RECORDS SHOWN: Begin

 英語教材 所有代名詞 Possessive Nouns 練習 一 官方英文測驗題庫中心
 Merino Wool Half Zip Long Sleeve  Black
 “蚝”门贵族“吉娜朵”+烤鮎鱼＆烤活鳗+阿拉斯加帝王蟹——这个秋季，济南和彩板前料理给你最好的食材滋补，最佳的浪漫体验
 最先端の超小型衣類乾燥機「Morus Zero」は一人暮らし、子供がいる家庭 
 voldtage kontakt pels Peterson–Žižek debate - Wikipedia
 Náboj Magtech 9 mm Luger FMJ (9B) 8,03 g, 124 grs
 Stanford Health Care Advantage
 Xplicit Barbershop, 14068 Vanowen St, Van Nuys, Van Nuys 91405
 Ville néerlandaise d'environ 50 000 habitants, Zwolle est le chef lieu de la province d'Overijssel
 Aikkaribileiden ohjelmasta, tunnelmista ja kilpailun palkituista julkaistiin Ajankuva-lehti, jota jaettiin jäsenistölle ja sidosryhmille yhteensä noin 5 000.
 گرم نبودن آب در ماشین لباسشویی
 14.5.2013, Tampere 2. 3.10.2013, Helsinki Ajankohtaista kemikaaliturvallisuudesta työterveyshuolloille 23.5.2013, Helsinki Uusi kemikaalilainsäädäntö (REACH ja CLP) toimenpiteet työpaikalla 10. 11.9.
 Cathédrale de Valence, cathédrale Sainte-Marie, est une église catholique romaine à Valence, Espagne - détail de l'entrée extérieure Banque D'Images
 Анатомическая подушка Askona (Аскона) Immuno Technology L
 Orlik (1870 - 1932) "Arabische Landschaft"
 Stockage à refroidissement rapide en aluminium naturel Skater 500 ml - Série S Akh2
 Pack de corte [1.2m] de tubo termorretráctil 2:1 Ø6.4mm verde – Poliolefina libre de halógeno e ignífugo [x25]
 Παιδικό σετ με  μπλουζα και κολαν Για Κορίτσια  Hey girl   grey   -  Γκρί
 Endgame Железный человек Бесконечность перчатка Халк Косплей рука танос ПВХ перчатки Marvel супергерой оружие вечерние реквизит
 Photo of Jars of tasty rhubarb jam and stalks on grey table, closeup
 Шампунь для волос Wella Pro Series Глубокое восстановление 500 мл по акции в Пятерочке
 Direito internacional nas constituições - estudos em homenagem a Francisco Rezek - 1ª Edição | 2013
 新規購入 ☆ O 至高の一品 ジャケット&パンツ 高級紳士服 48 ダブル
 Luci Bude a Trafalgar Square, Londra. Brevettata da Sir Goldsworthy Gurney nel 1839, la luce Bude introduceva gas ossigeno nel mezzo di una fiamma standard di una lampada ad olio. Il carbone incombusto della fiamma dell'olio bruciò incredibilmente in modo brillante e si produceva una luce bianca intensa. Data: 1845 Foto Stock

RECORDS SHOWN: End

= WHAT TO PRODUCE =
Show every line of the data in which the word "grey" appears.

= RESPONSE =
 Παιδικό σετ με  μπλουζα και κολαν Για Κορίτσια  Hey girl   grey   -  Γκρί
 Photo of Jars of tasty rhubarb jam and stalks on grey table, closeup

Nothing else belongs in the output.